Istanbul, Oct 13 () - Despite the expected slowdown in the second half of the year, the faster GDP growth in the second quarter has lead to revising growth forecasts to 3.2 percent for 2015, according to the World Bank’s “Turkey Regular Economic Brief for October” issued Oct. 13.
“Seasonally adjusted GDP grew by 1.3 percent in the second quarter. Private and public consumption continued to lose momentum as expected but private investment unexpectedly surged and became the main driver of growth, an indication that the private sector front-loaded investment spending before the June election or realized previously postponed investment, anticipating elimination of uncertainties after the election” said the brief.

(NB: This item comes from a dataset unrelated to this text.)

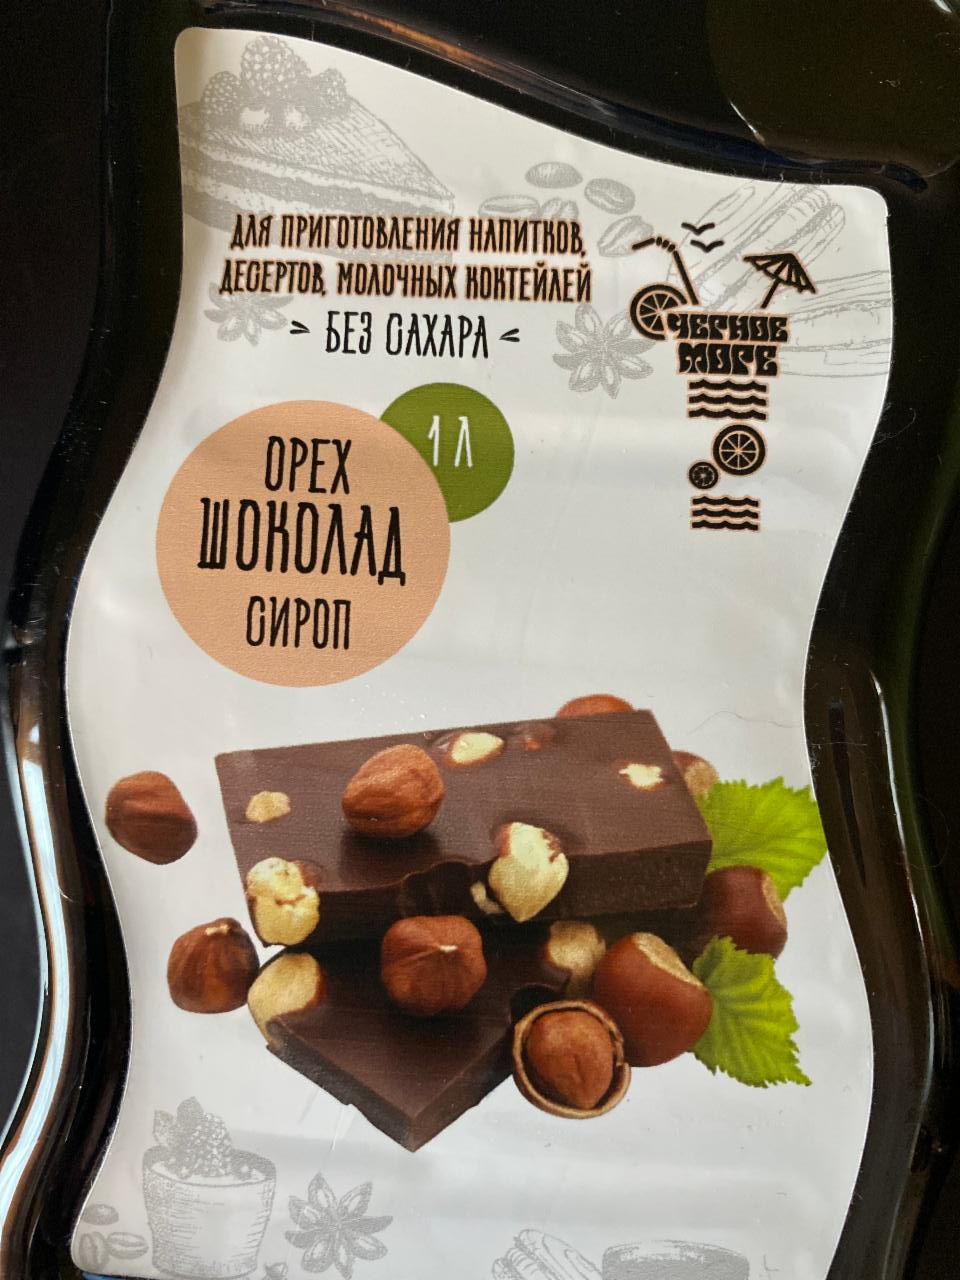 Фото - Сироп орех-шоколад Черное Море

The brief noted that the hoped-for external adjustment fueled by a weaker Turkish Lira and significantly lower oil prices has not materialized.
“Despite a significantly lower energy deficit, Turkey’s current account deficit widened to $45 billion in the 12 months through July 2015 (gold adjusted), compared to $42.6 billion in 2014. The deterioration in the deficit is mainly due to weaknesses in trading partners, particularly slow growth in the EU, difficulties in MENA [Middle East and North Africa region] and Russia, and a fall in tourism revenues over the summer of 2015,” the note read.
Domestic political concerns and global financial market jitters dried up short-term inflows, according to the World Bank. Although the quality of finance improved thanks to lengthening maturity, net inflows fell short of financing the current account deficit in the first seven months of the year, it added.
The brief indicated that inflation is likely to remain above target in 2015, around 7.5 percent.
“Food prices started to rise rapidly again, pushing food inflation momentum up to 14.7 percent in September. Renewed currency depreciation brought core inflation above 8 percent and its momentum above 10.5 percent. Particularly, a sharp increase in automobile prices due to depreciation added significantly to inflation in September. As a result, 12-month inflation climbed to 7.9 percent in September” it said.
Economic activity expected to slow down
According to the brief, economic activity is expected to decelerate in the second half of 2015.
“Credit growth momentum fell below the Central Bank’s reference rate of 15 percent by mid-September. In addition, continuing political uncertainty and tensions in Turkey’s southeast make it difficult for the private sector to sustain the investment spending witnessed in the second quarter. Businesses are likely to cut investment spending from the second quarter and postpone investment decisions until a new stable political equilibrium is reached. External adjustment should continue, as lower oil prices will likely bring the current account deficit down by another $5 billion in the remainder of the year,” said the bank.
The brief said that Turkey’s current account deficit remains high and is unlikely to fall below 5.5 percent without significant structural reforms, given the current external environment.
“There is an urgent need for political stability and a return to implementing the structural reform agenda to restore investor confidence, address vulnerabilities and lift growth” said the brief.